NATIV3 is a Human Agency

“AI can only replace humans where the work is not suited to us. There are many things that only humans can do: feeling the mood and atmosphere of a place, or using the five senses. And humans can create new kinds of work, too. What human beings can do is surprisingly complex.”

Kazuto Ataka, CSO, Yahoo Japan Corporation

In the tech world, they call us ninjas, wizards, geniuses, geeks, and experts. Some even think we’re magicians. Sometimes I wonder if we aren’t just a little bit crazy to go about making a living in this world of mixed messaging and maneuvering.

It’s important to me that the work I do and the work I engage in doing with others is something we can all be glad to do– something worthwhile. With the hearty investment of time and energy that we expend at our jobs, it’s gratifying to do something that I enjoy doing, and that makes me feel good when I do it.

Marketing gets a bad rap, and most of the time, for a good reason. We’ve dug up some of the most egregious examples of malicious marketing tactics for you.

  • Reebok came under fire in 2008 for advertising “research results” that showed their EasyTone shoe line strengthened and toned the calves, hamstrings, and glutes. It turned out that they’d never conducted any such studies and the advertising claims were completely false. 
  • 2011 Mother’s Day ad for Mr. Clean Magic Erasers depicted a woman showing her daughter how to use the product with the caption, “This Mother’s Day, Get Back to the Job That Really Matters,” with many decrying the apparent message that women’s only function is to serve her family as a homemaker. 
  • In an ill-fated “greenwashing” attempt, Volkswagen got caught cheating on emissions tests in 2016 to hide that their vehicles produced more than 40 times the legal level of nitrogen oxide exhaust. These same vehicles were advertised as “eco-friendly” and “Clean Diesel.”
  • Emotional manipulation– also referred to as pathos– is an incredibly common tactic for advertisers, as showcased by a 2015 Nationwide ad that featured a young boy riding his bike. It’s pleasant enough, at least until he begins to list off life experiences he’ll never have because he died in a tragic accident. Twitter rose to the occasion, calling out the insurance company for their obvious and overhanded use of fear to convince people to buy their product.

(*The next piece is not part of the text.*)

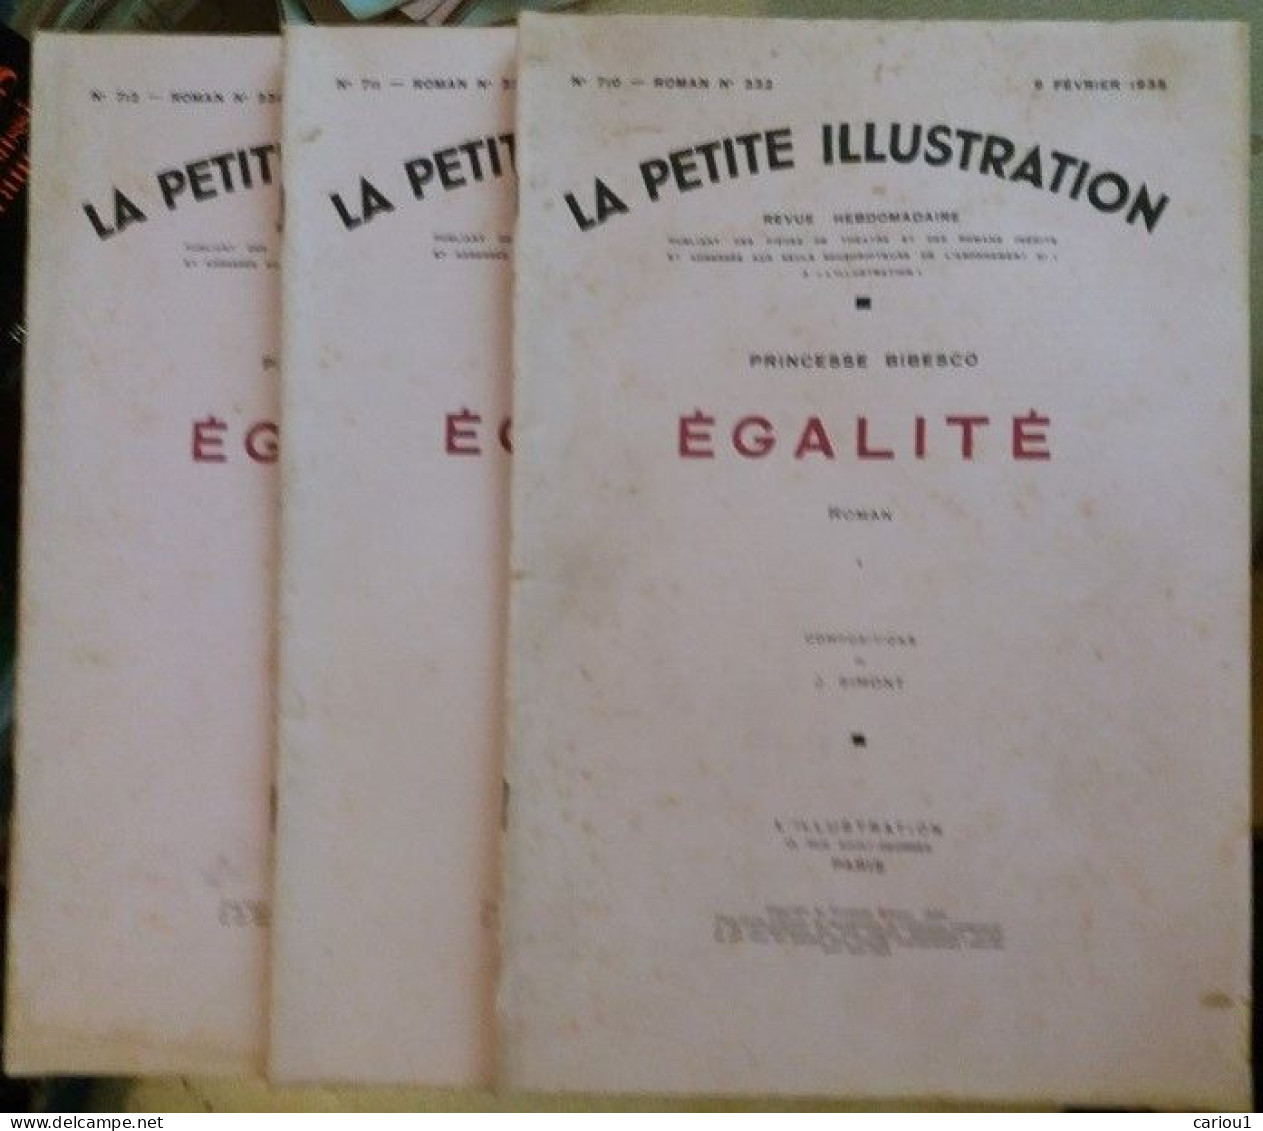 C1 PRINCESSE BIBESCO - EGALITE Petite Illustration 1935 Complet JOUVENEL Simont PORT INCLUS France - 1901-1940

This isn’t a new phenomenon either. It’s been going on since the marketing industry emerged, something we discussed in our two-part series on old advertising.

You might wonder why anyone would make a career in this industry. If you are, you are beginning to understand why I sometimes question my sanity.

We rise above the bad rap and do good marketing by keeping in mind that at the end of the day, across the whole landscape of business, it’s our extended network of neighbors that we’re conducting commerce with, even when we’ve got our marketing sights set on them.

Targeting the Mind of Our Audience

Marketing is something like fishing. 

If you know anything about fishing, you know that the best fishermen are experts in recognizing the signs of life that point them to their prey. Waterfowl and birds of prey are tattletales in tracking future fish nuggets, but they are external signs. Others force the hunter into the mindset of the fish to really understand them — the weather, the bait life cycle, water temperature — all of these will clue them exactly where to find their floppy, slippery target and when. Seeing through the eyes of the fish helps the observant fisherman make predictions about their behavior and bag the goods.

Youtube University will teach you that if you want to catch fish, you must not only be able to spot the signs of fish, but you need to know what it’s like to be the fish.

This is analogous to the work of the marketer. When a person or organization has a message they want to communicate to someone (usually for a profit of one sort or another), they turn to marketers to help them dress up and craft that message. Then we use modern technology to deliver the message to their target audience with exceptional accuracy. 

We use similar tactics as the fisherman, stepping into the frame of our intended audience, anticipating the flow of thoughts and objections they’ll have to our pitch, and designing a logical pathway that accounts for all decisions they might make. 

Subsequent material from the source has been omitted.